Во-вторых, хотя вышеупомянутым артельщикам и велели не жалеть денег, их предупредили (это сделали Люк и Лео), что придется отчитаться по всем расходам. Поэтому к местным мастеровым присоединились стекольщики из Нового Орлеана, каменщики из северных штатов, приплывшие на тех же судах, в трюмах которых к нам плыли заказанные в штате Мэн мебельные гарнитуры, произведенные в Портленде в мастерской Вальтера Корея. Я надеялась — как оказалось, напрасно, — что, если заказать все подальше от здешних мест, удастся сдержать зависть местных жителей. Каликсто нанял художника, чтобы он украсил фресками стены, потому что Леопольдина решила не оклеивать их бумажными обоями. Таким образом, вскоре мы уже могли обедать в столовой, затейливо украшенной всяческими trompe-l'oeil.[232]

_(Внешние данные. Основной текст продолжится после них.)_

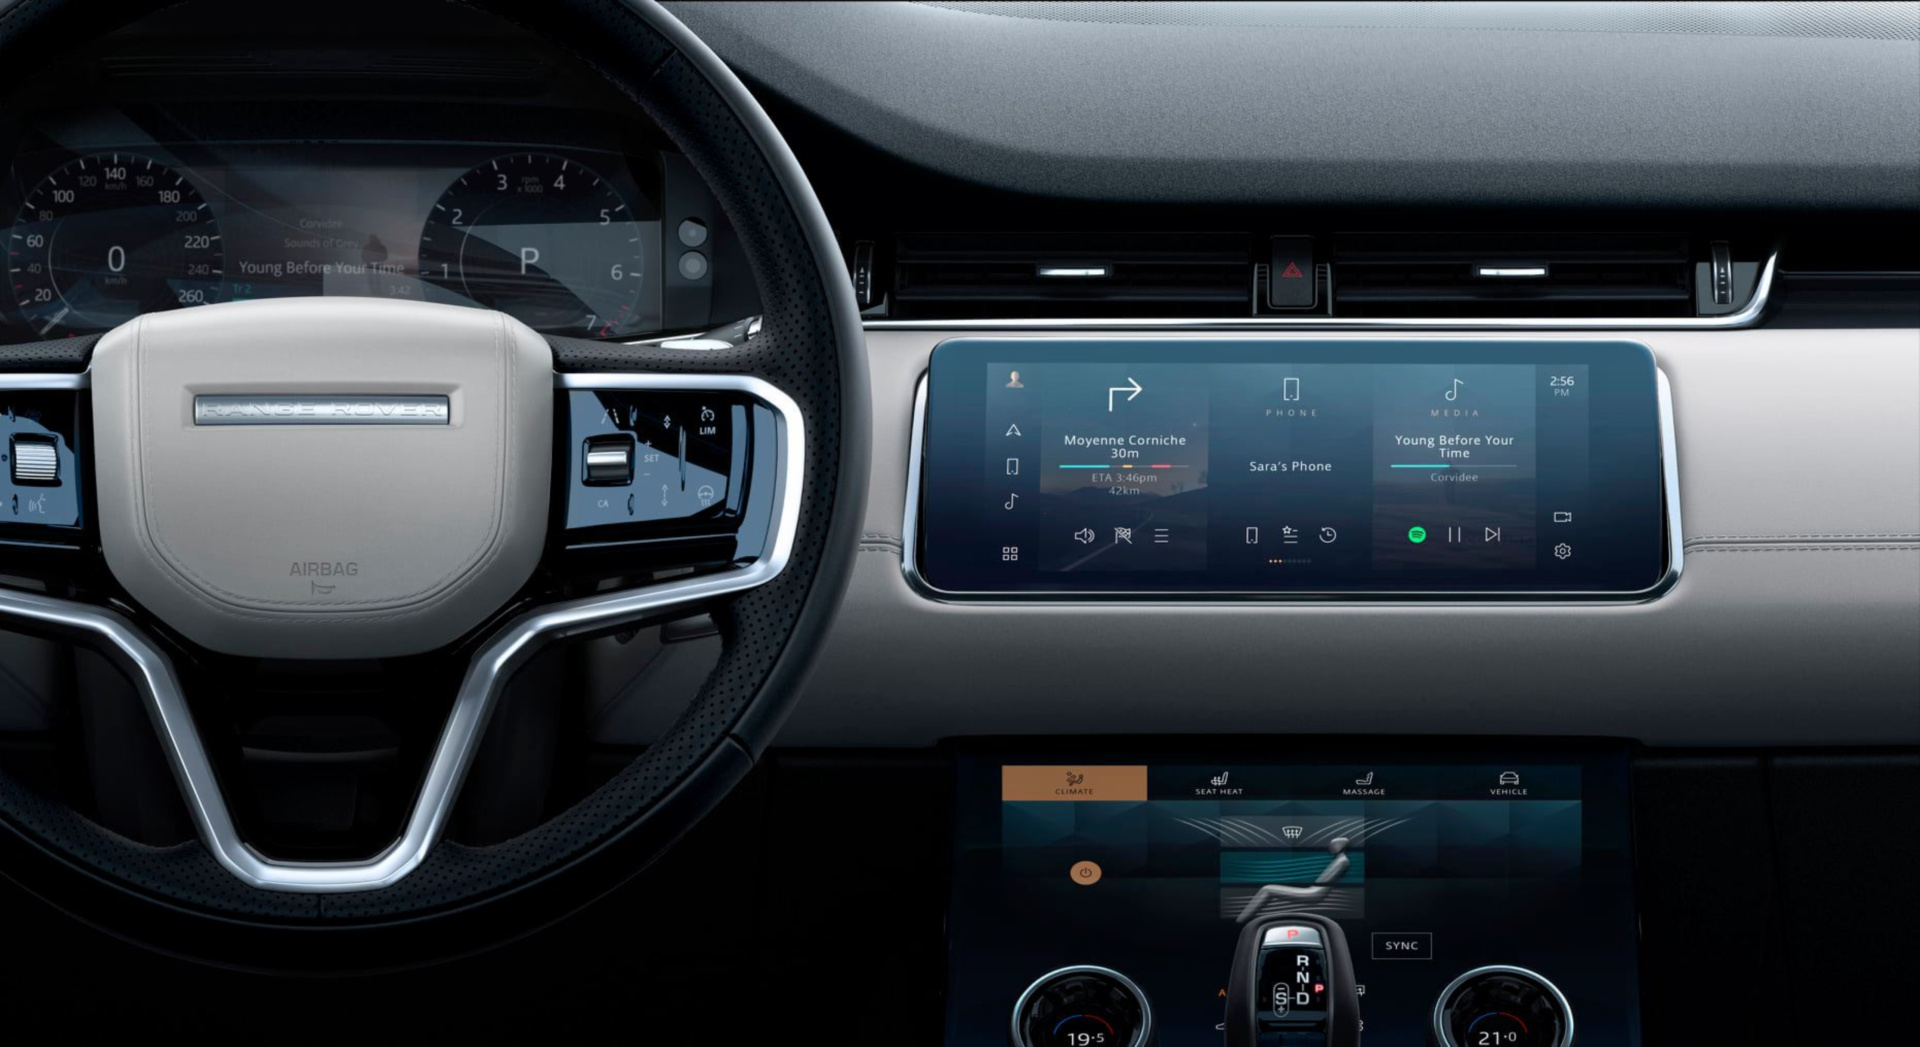 SMALL_圖 3 - 全新 2021 年式 Range Rover Evoque 與 Discovery Sport 全車系同步升級 Jaguar Land Rover 最新世代 Pivi Pro 智慧科技介面。

Сюжетами настенных росписей в ней стали мифы о близнецах Артемиде и Аполлоне (чьи лица имели явное сходство с Лео и Люком), а также о Посейдоне (Каликсто) и Диане (она была написана с меня, хотя позировать я согласилась неохотно, отвергнув лукавое предложение близнецов стать натурой для изображений Гермеса, или Афродиты, или их обоих). Все это было, право, de trop.[233]В конце концов мы все-таки нашли надежные и безопасные способы предсказания кораблекрушений. Оставалось лишь отшлифовать их, чем мы и занялись в мансарде нового Логова, пока на нижних этажах с рассвета до темноты стучали молотки — рабочие трудились над украшением нашего особняка под стать нашим доходам. Точнее, тем доходам, которые мы надеялись вскоре заполучить.
После урагана, когда наш прежний дом уже был не пригоден для проживания в нем, а новый спешно достраивался, я временно поселилась в башенке. Остальные разместились… В общем, кто где (не стану уточнять).
Из квадратной башенки с остроконечным шпилем через portes-fenêtres[234]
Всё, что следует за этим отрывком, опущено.